» **Description of the task**:
From the records below, print only the part that opens with the line containing "I grandi romanzi" and closes with the line containing "Belgrade, Serbie - Avril"; omit the pictures.

» **Data extract**:
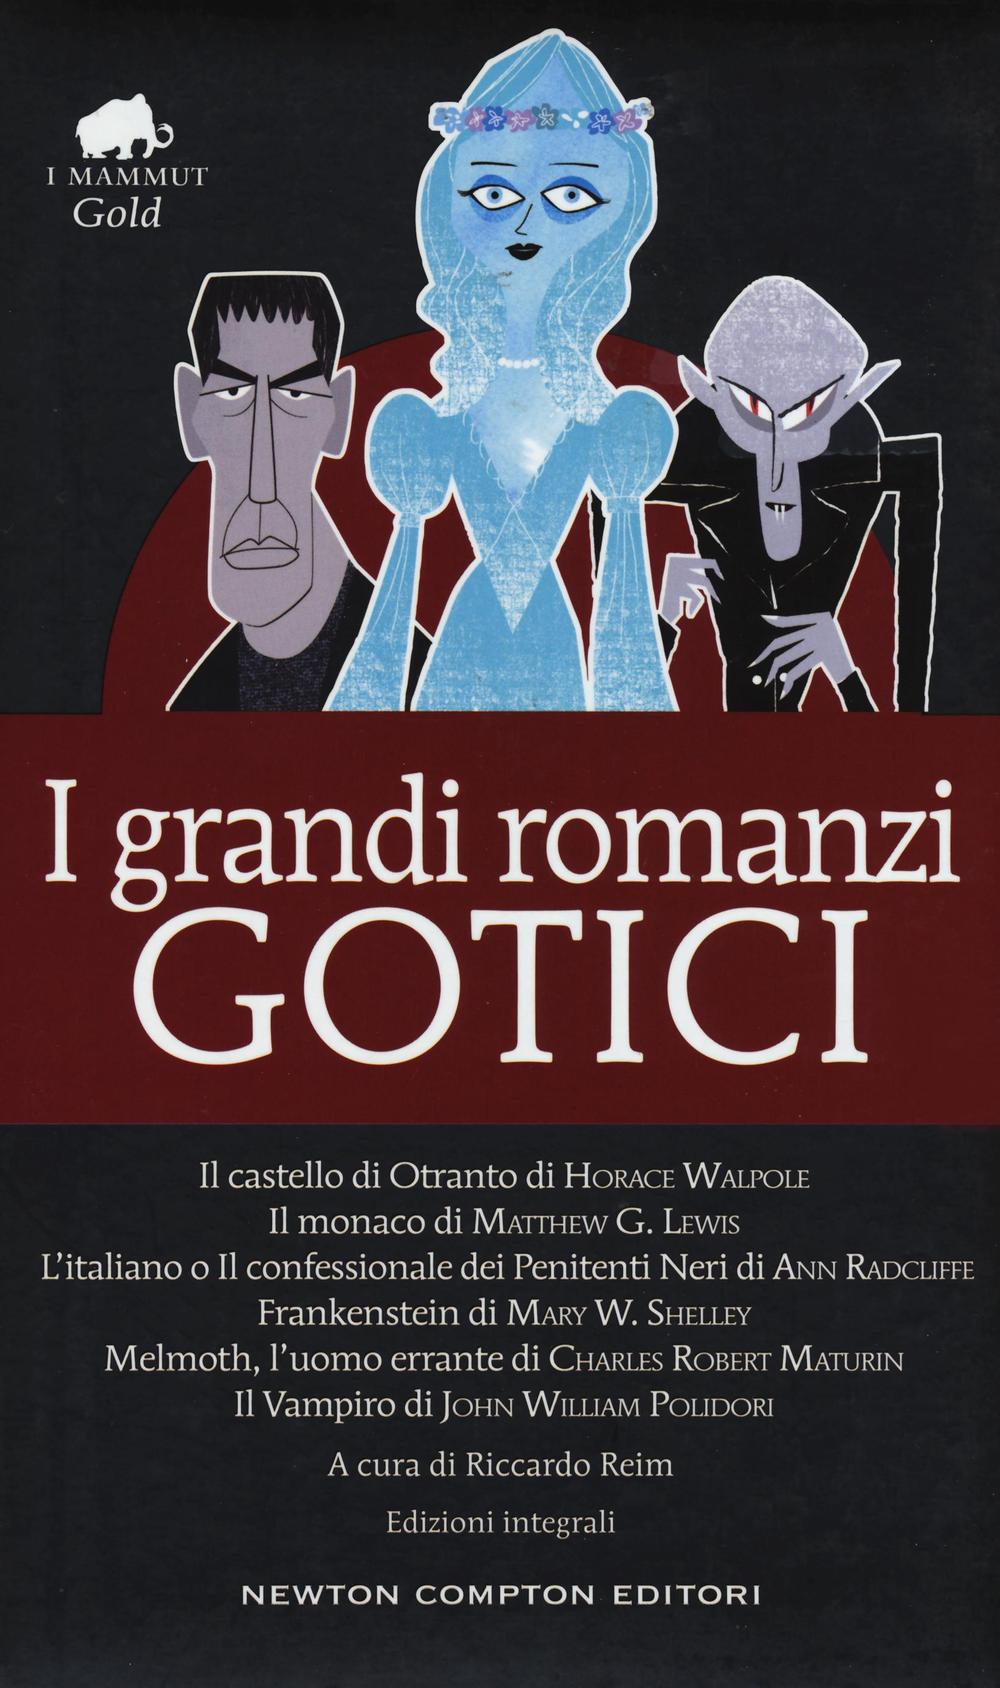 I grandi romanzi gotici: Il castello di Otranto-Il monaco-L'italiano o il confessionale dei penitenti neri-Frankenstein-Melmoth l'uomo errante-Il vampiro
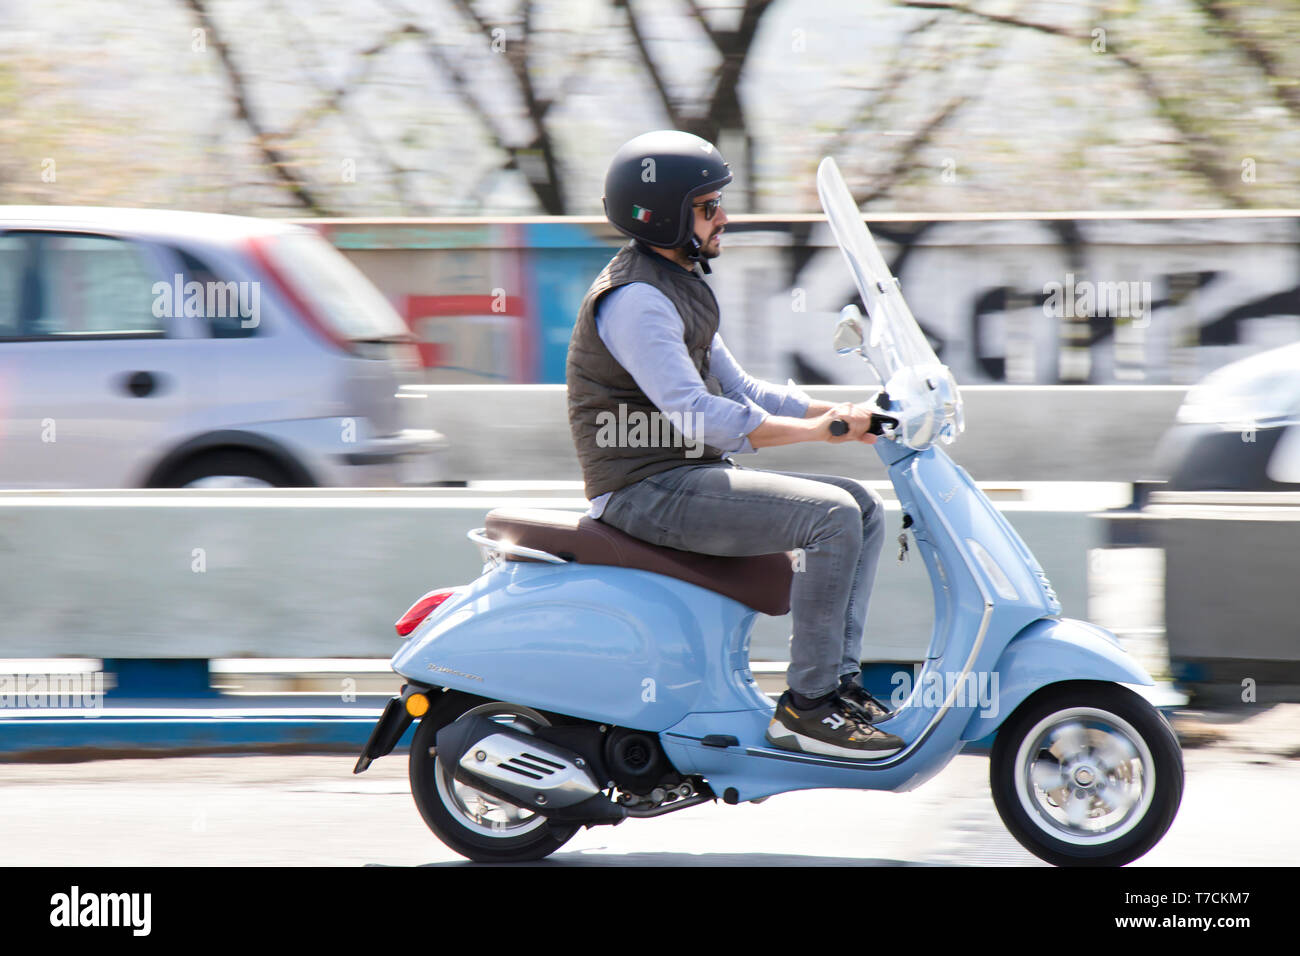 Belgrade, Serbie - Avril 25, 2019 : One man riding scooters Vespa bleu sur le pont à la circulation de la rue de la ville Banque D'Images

--

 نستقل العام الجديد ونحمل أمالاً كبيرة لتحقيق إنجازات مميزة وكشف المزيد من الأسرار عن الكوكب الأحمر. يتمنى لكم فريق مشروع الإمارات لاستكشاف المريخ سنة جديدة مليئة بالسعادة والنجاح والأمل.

» **Task result**:
 I grandi romanzi gotici: Il castello di Otranto-Il monaco-L'italiano o il confessionale dei penitenti neri-Frankenstein-Melmoth l'uomo errante-Il vampiro
 Belgrade, Serbie - Avril 25, 2019 : One man riding scooters Vespa bleu sur le pont à la circulation de la rue de la ville Banque D'Images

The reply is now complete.